Kentucky Route Zero a maintenant un mode “multijoueur” légèrement caché


Après une longue, longue attente, les cinq actes du jeu surréaliste Americana Kentucky Route Zero sont disponibles. Mais les joueurs qui ont sauté aujourd’hui ont trouvé quelque chose qu’ils n’attendaient probablement pas du jeu indépendant introspectif solitaire: un mode multijoueur.

Une invite dans le jeu révèle une fenêtre contextuelle qui informe le joueur du “mode multijoueur” de Kentucky Route Zero, une façon de jouer à la passe qui semble convenablement étrange. Essentiellement, lorsque vous voyez quelque chose dans le cadre qui vous rappelle quelqu’un d’autre dans la pièce, que ce soit un objet, ou même l’absence d’objet, ou juste n’importe quoi, vous passez le contrôleur à cette personne. Ils adhèrent alors aux mêmes règles.



Les instructions multijoueur. Assez simple. | Ordinateur en carton, Mike Williams / USG

Vous n’avez rien à dire et pouvez simplement passer le contrôleur.
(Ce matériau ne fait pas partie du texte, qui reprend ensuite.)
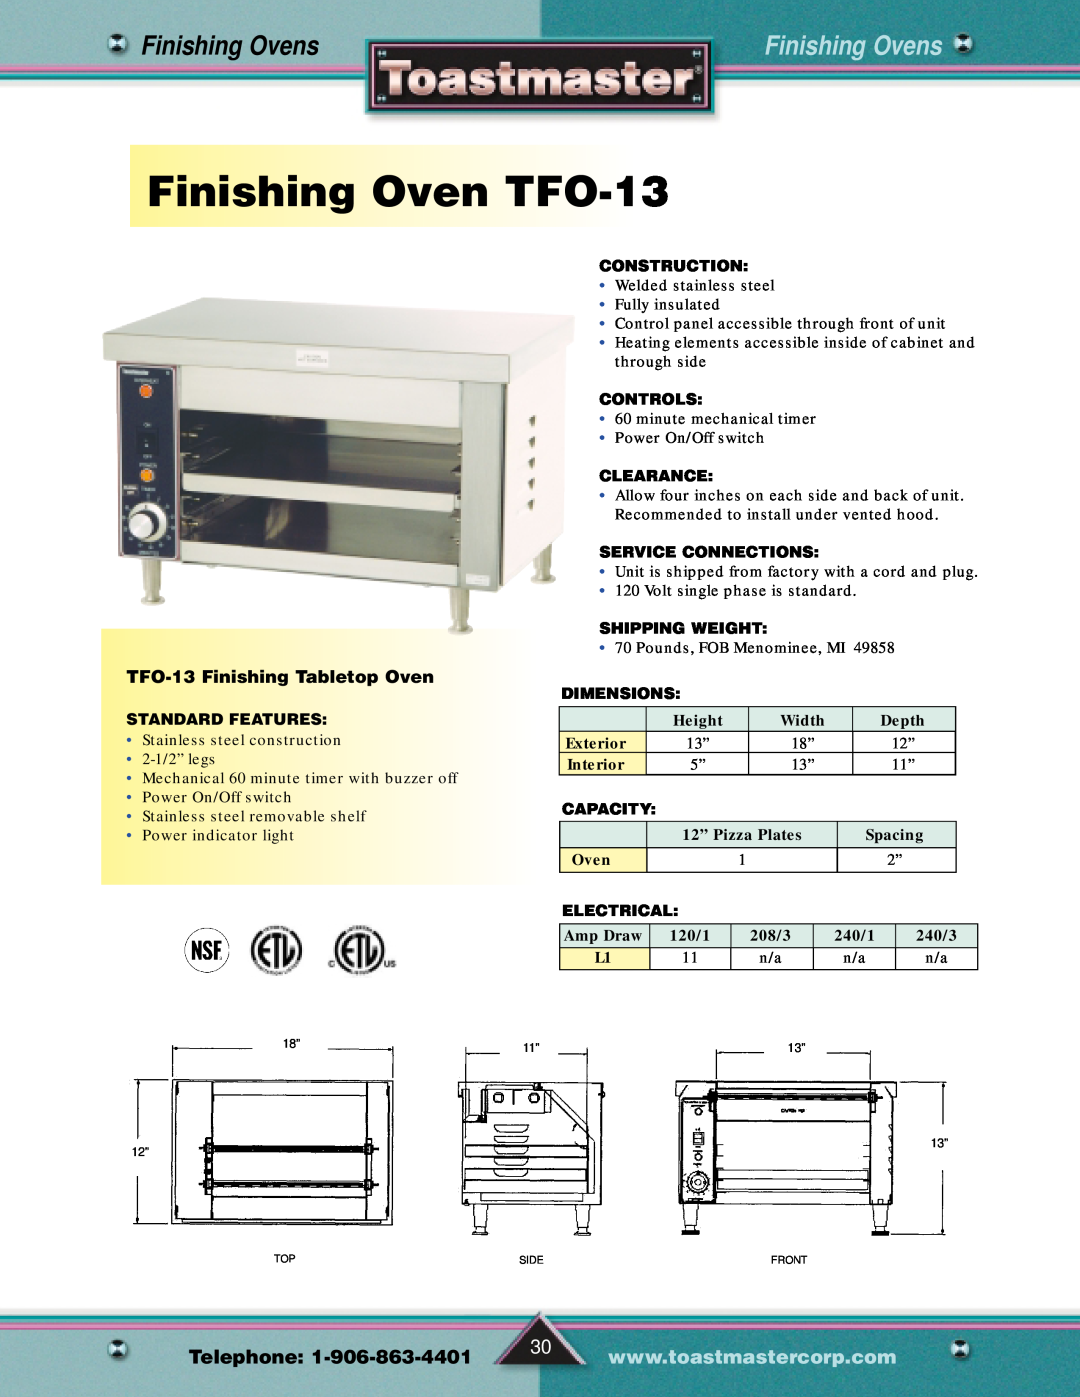 Toastmaster Gas & Electric Fryer manual FinishingOvenTFO-13, TFO-13 Finishing Tabletop Oven, Finishing Ovens, Telephone 
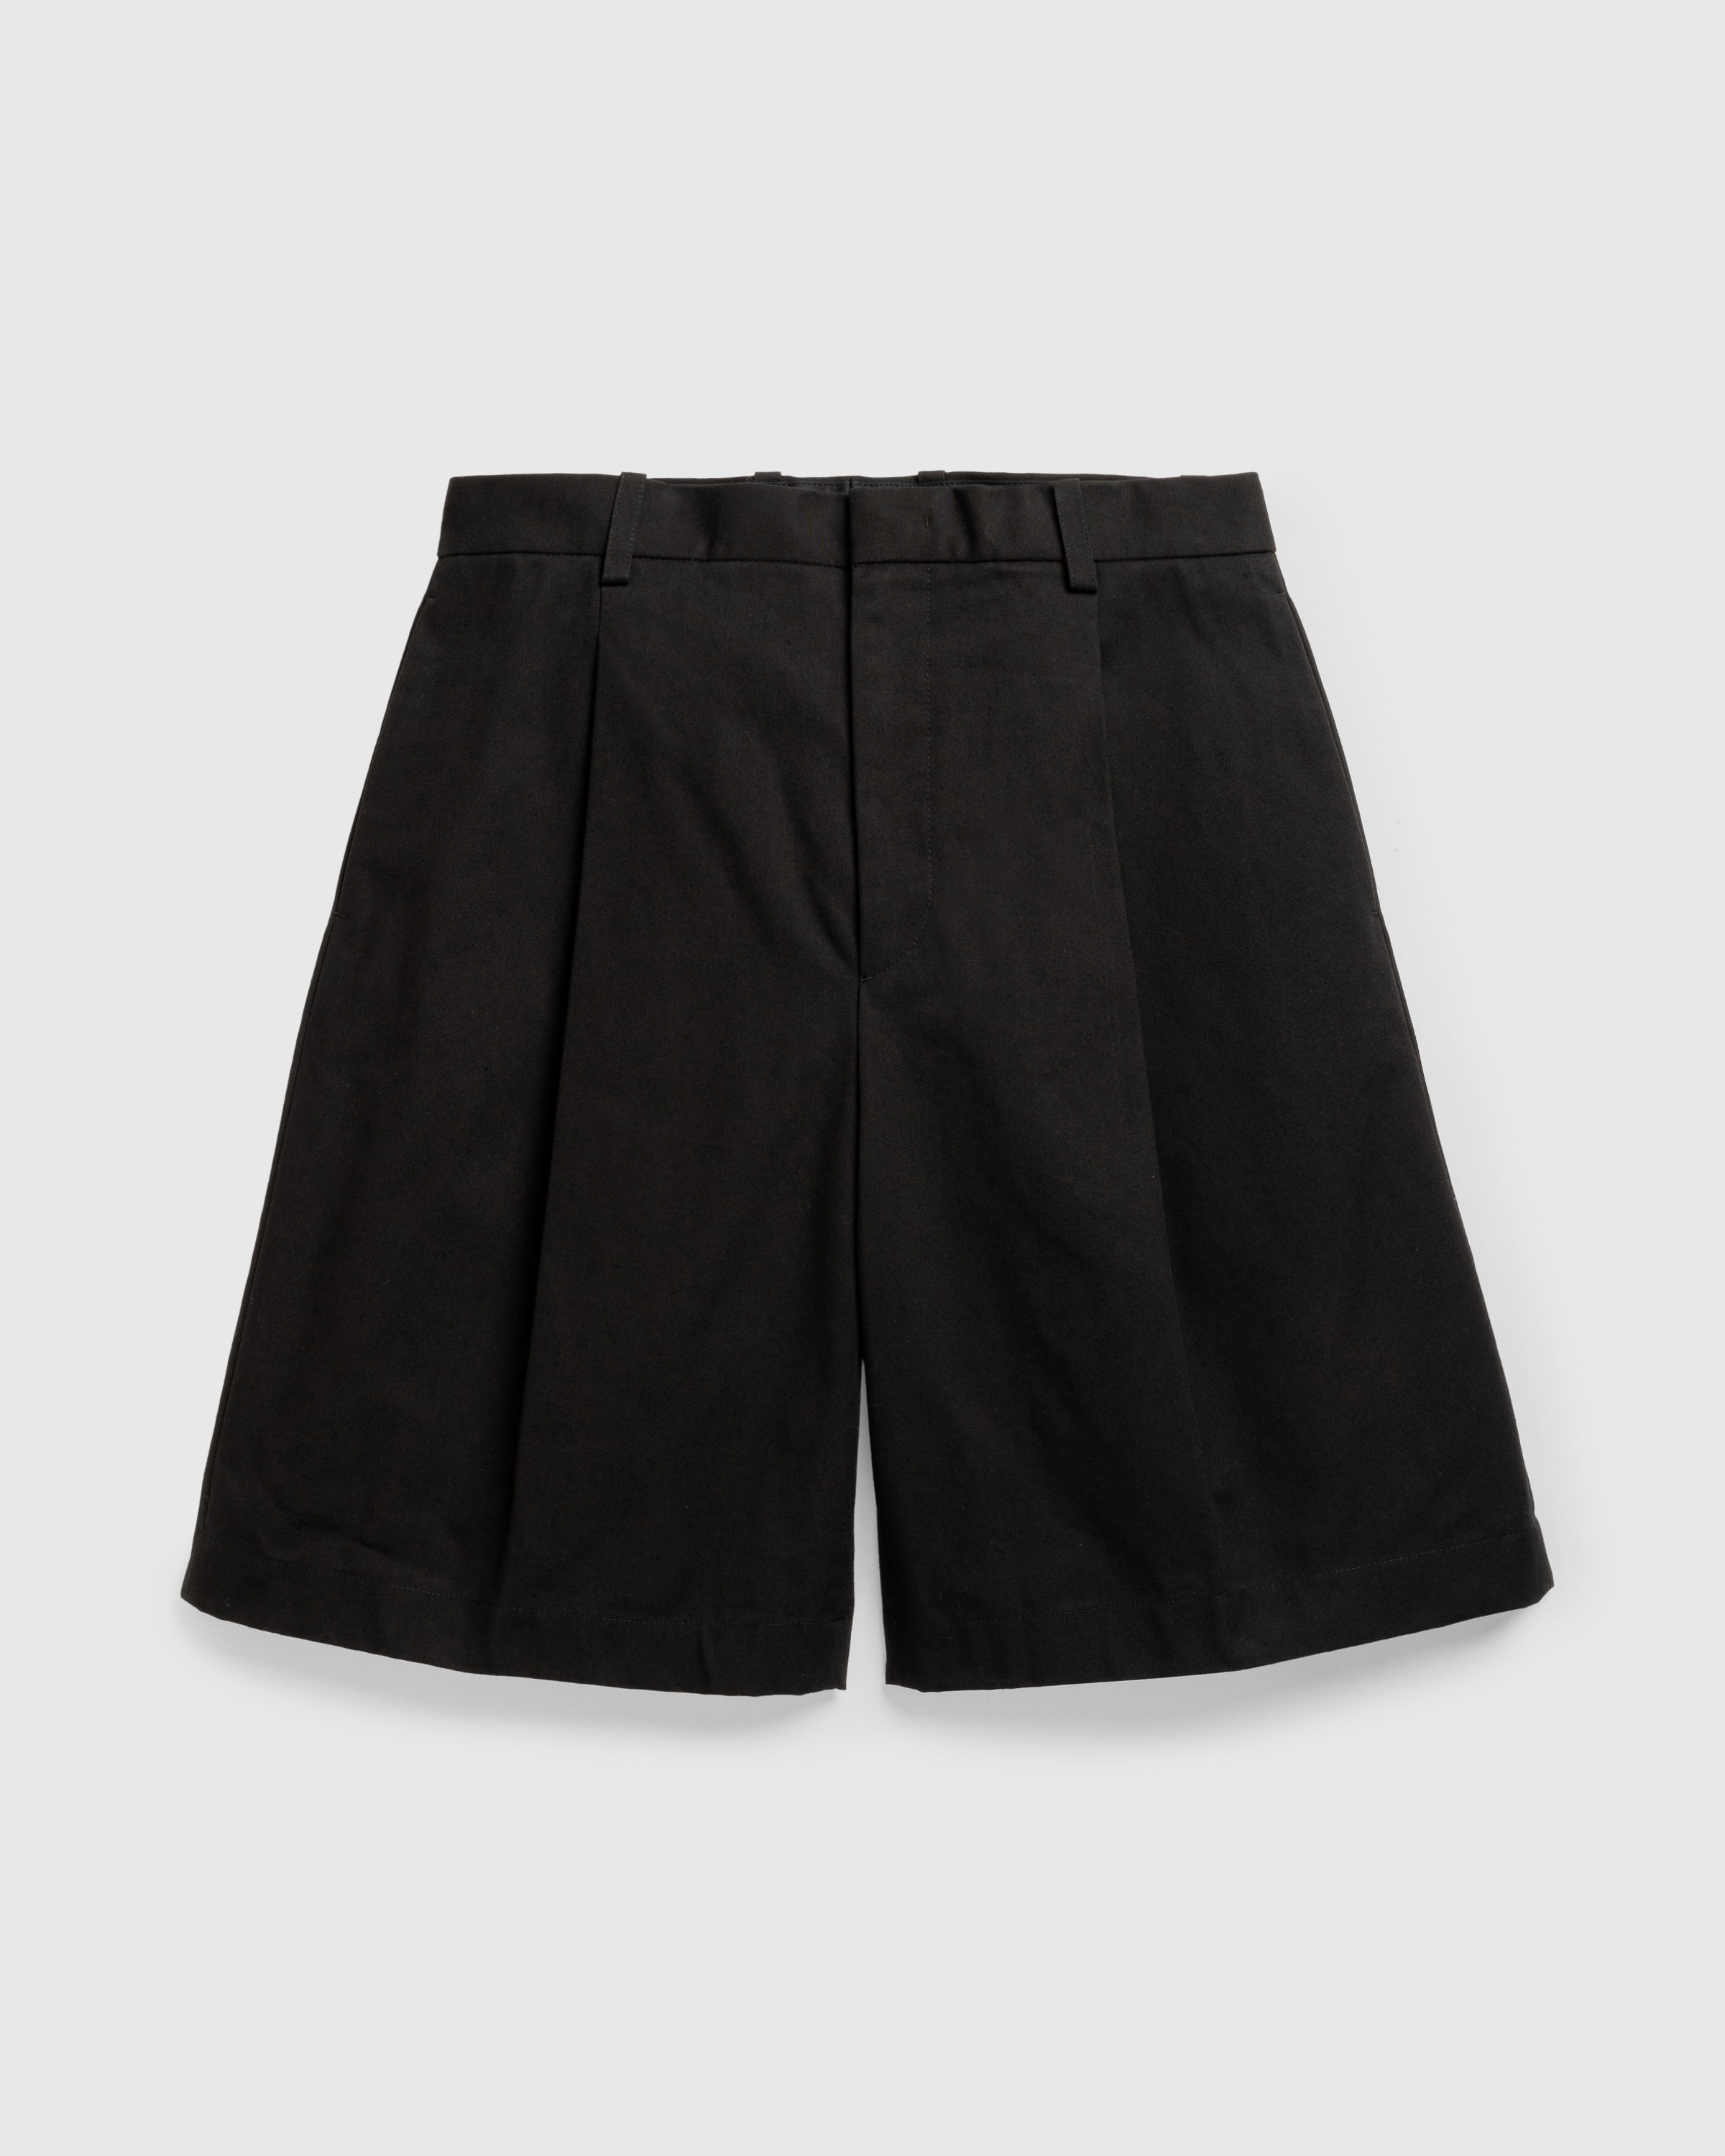 Jil Sander – Trouser 105 Shorts Black - Bermuda Cuts - Black - Image 1

Cela semble être presque une anomalie ponctuelle, qui gélifierait la sensation générale du jeu, mais j’aime un peu l’idée de remettre silencieusement à quelqu’un le contrôleur lorsque vous en ressentez une notion dans l’espace. Cela reflète le monde virtuel ayant une connexion avec le nôtre, même si ce n’est que dans l’esprit.

Pas pour cirer poétique sur le concept, mais je pense que c’est assez soigné. Vous pouvez accéder à cette invite en allant dans le menu des options et en sélectionnant “multijoueur”, mais en réalité, ce sont plus des directives que toute sorte de restrictions multijoueur codées en dur.


Pour autant que nous puissions en juger, cela a été ajouté dans le cadre du lancement de l’acte final – nous avons démarré nos versions Nintendo Switch et PC pour nous en assurer, mais nous avons également contacté le développeur Cardboard Computer pour obtenir plus d’informations sur la façon dont cela a été inséré dans le jeu.

Assurez-vous de consulter notre examen élogieux de la conclusion de Kentucky Route Zero et de la façon dont elle reflète la récession, la dette et l’Amérique.